She then proceeded to hand me a $35,000 proposal to cater my own relatively small Brooklyn wedding.
I didn't hire her. But her point stuck with me during every subsequent vendor meeting I had. Was I being taken advantage of? The truth is that even if you're not, there are still plenty of unforeseen costs involved with getting married. And because you may not have much firsthand experience in this arena, it can be tough to get a real sense of what you should expect to spend. Ahead, we've identified five of the most annoying hidden costs of planning a wedding. Even if you can't avoid them, at least you can budget more effectively, and steer clear of a few surprises along the way.

The sticker price on the average wedding dress is high to begin with. For most of us, it is perhaps the single most expensive clothing item we ever have or ever will purchase. But if you think that price, whatever it may be, reflects the total amount you'll be spending — think again. You could pay lots more in alterations, even if you're not making any major changes to the original design (like removing or adding straps).
Your bridal specialist will likely remind you that anything you don't like about a given dress can easily be changed. They'll also suggest trying on accessories, like an embellished belt or a veil, during your appointment to help you get a sense of what the whole ensemble would look like. But what they won't mention is how much those tweaks or add-ons cost. Several hundred here, several more there — just remember, it all adds up faster than you might think.

Apparently it's not enough that you're spending $150 a plate ($200? $250? More?), nor that you've dropped thousands to secure a location for your reception. If you look closely at the line items in your contracts, you may be surprised to find a mysterious "administrative fee" of anywhere from 5 to 20% of the total bill from your caterer or venue — which are also the two biggest wedding expenditures. Make sure to read the fine print, and ask about any fees (and what they cover) before you sign on any dotted lines.

This one's a real doozy. Some caterers will charge what's known as a cake-cutting fee if you bring in a cake from another vendor to be served at your wedding. That means you are probably paying an exorbitant fee for the cake itself (which can cost as much as $2,000), and then as much as $7 per slice (!) on top of that just to have your caterer cut and serve the dessert at your reception. This is total and utter lunacy, and perhaps the most egregious example of how couples get nickel and dimed by vendors during the wedding-planning process.
Your best bet is to either go with the dessert option already included with your catering package, or to negotiate with your caterer before signing if you feel strongly about bringing in an outside cake. (Better yet, hire a caterer who doesn't charge a cake-cutting fee to begin with.)

Have you ever thought about how many glasses get used at a wedding?
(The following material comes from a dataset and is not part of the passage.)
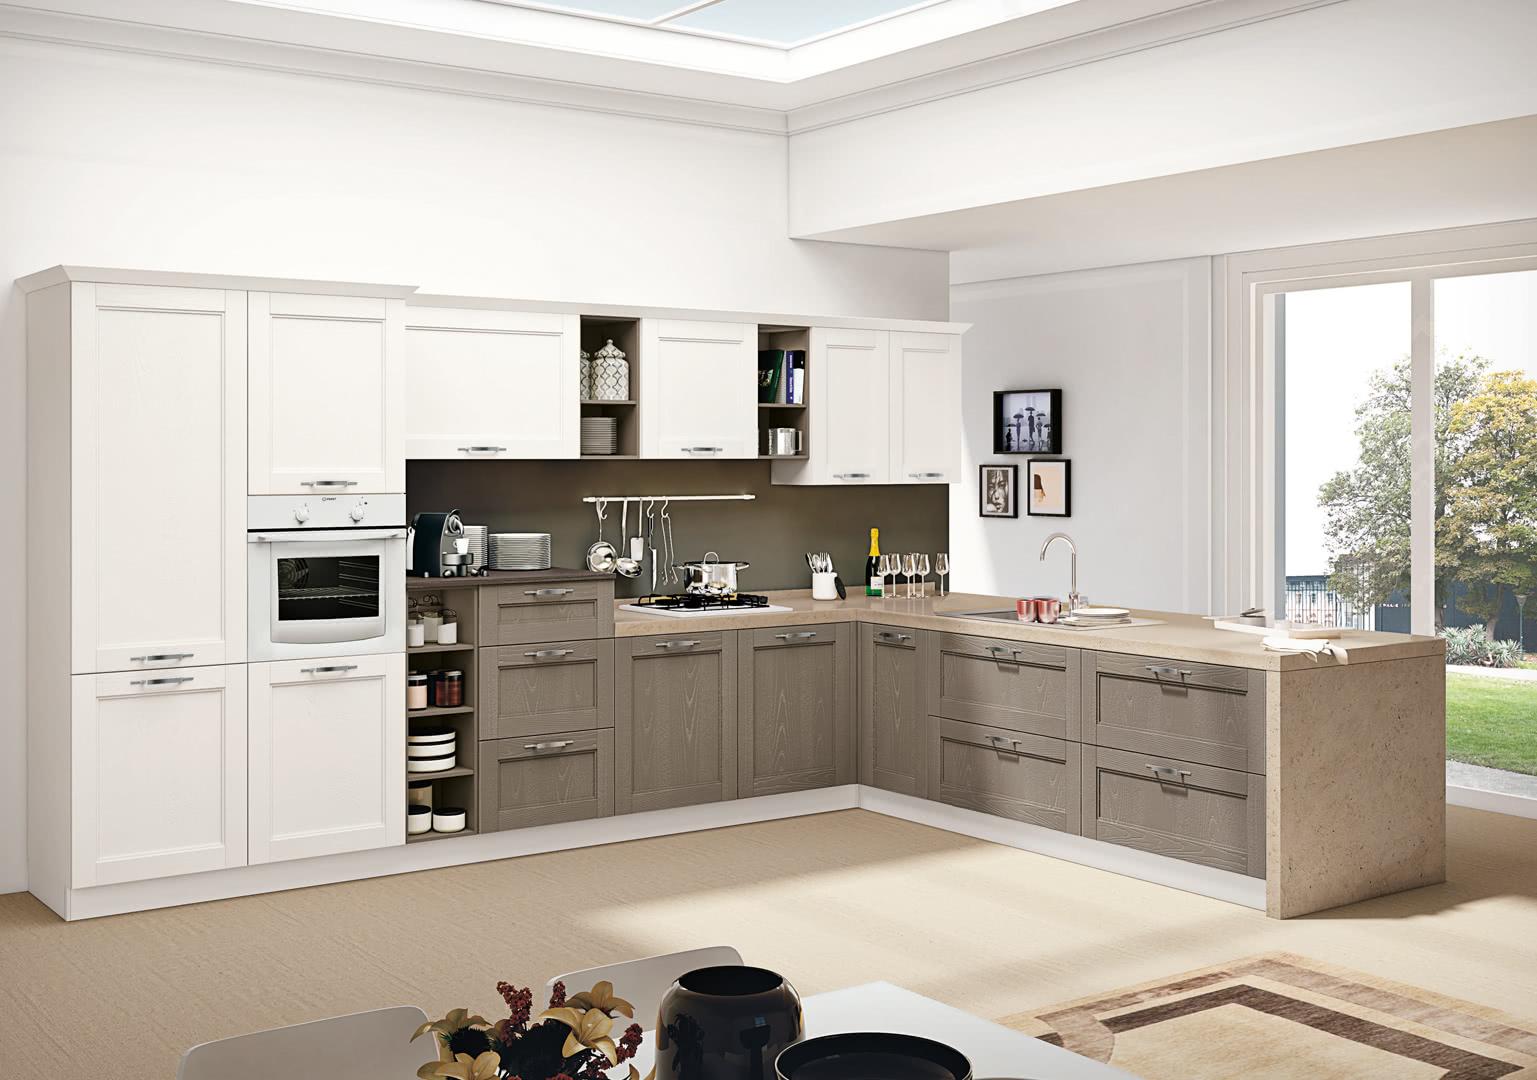 Cucina Iris - Cucine Componibili - Creo Kitchens
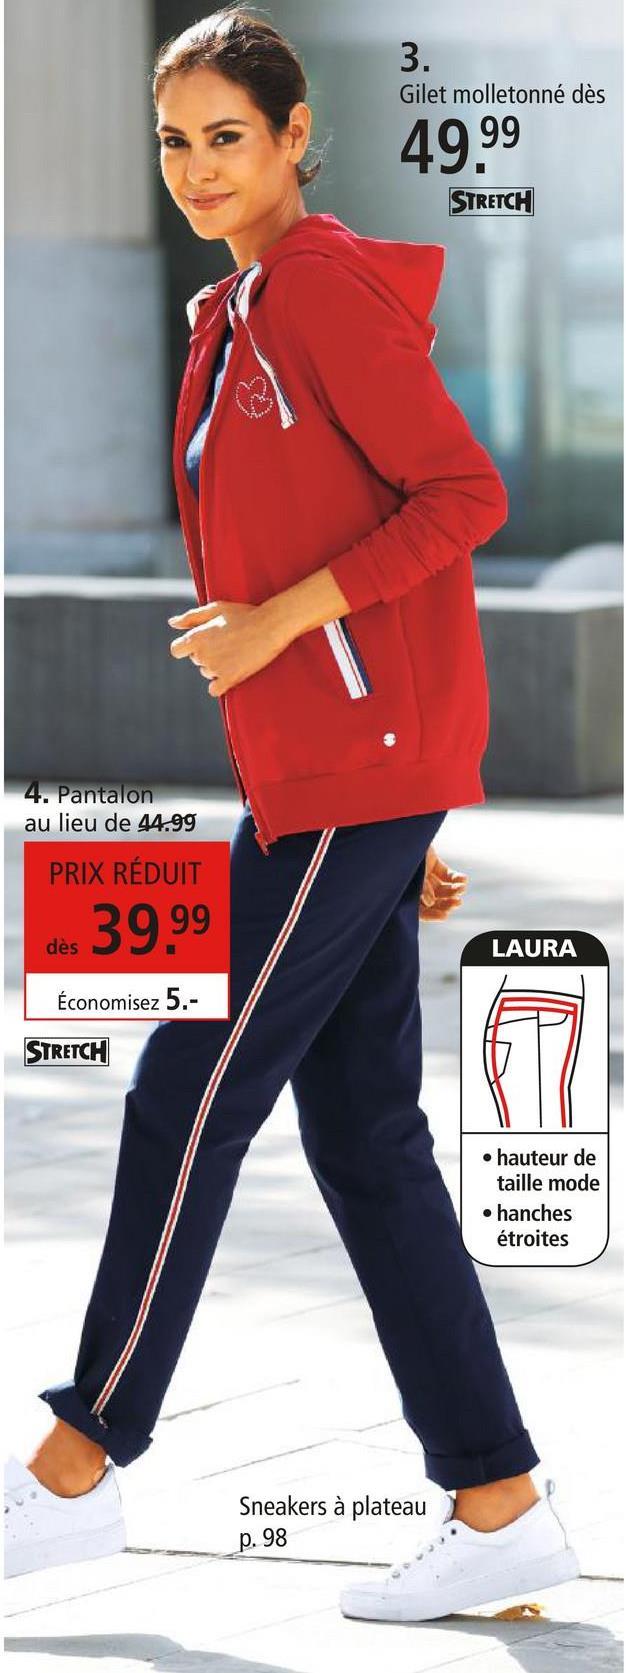 Veste molletonnée Laura Kent Rouge Une pièce parfaite pour tous les jours et facile à combiner: cette veste molletonnée décontractée à poches biais Laura Kent ne peut que vous plaire! En outre, des bandes fantaisie ornent la veste. La part de coton vous offre une sensation de douceur unique tandis que la matière synthétique rend le modèle indéformable et particulièrement facile d'entretien. La veste arbore une fermeture à glissière. Si vous ne voulez pas vous encombrer d'un sac, des poches biais offrent un espace de rangement supplémentaire pour y ranger vos accessoires, tels que vos clés ou votre smartphone! Bas des manches extensible. Composer une tenue devient un jeu d'enfant grâce à son coloris uni. Commandez cette veste molletonnée Laura Kent sur notre boutique en ligne pour recevoir votre nouveau coup de coeur mode sans délai directement à la maison!

The average wedding requires a five-to-one glass-to-guest ratio — at a minimum — from the Champagne toasts to the table settings to the glassware behind the bar.
Depending on the type of venue you choose for your big day, you're likely to have at least some equipment- and furniture-rental costs. That could include tables and chairs, linens, flatware, kitchen prep tools, serving platters, or all of the above. These expenses add up quickly, and it can be hard to understand exactly what the breakdown is. If you're renting these items through your venue or caterer rather than directly through the rental company, the prices may be inflated, and you should ask for a detailed breakdown of these costs.

I'd like to think of myself as a very generous tipper. I used to bartend, and I know how much service-industry workers rely on tips. But when you're spending tens of thousands of dollars on a wedding, the idea of shelling out 15 or 20% tips for vendors (who are already being generously compensated) is a little difficult to stomach. There's also tax to consider. Between the two, you could wind up spending another 25% on top of the baseline cost of your big day — and that's a fairly conservative estimate. (Just to give you a hard number for reference, if you're spending $30,000 on your wedding, you'll need to add an additional $6,000 in taxes and tips.)
Be sure to anticipate taxes and do your research on who (and how much) to tip. That way, you'll avoid any uncomfortable situations on the big day.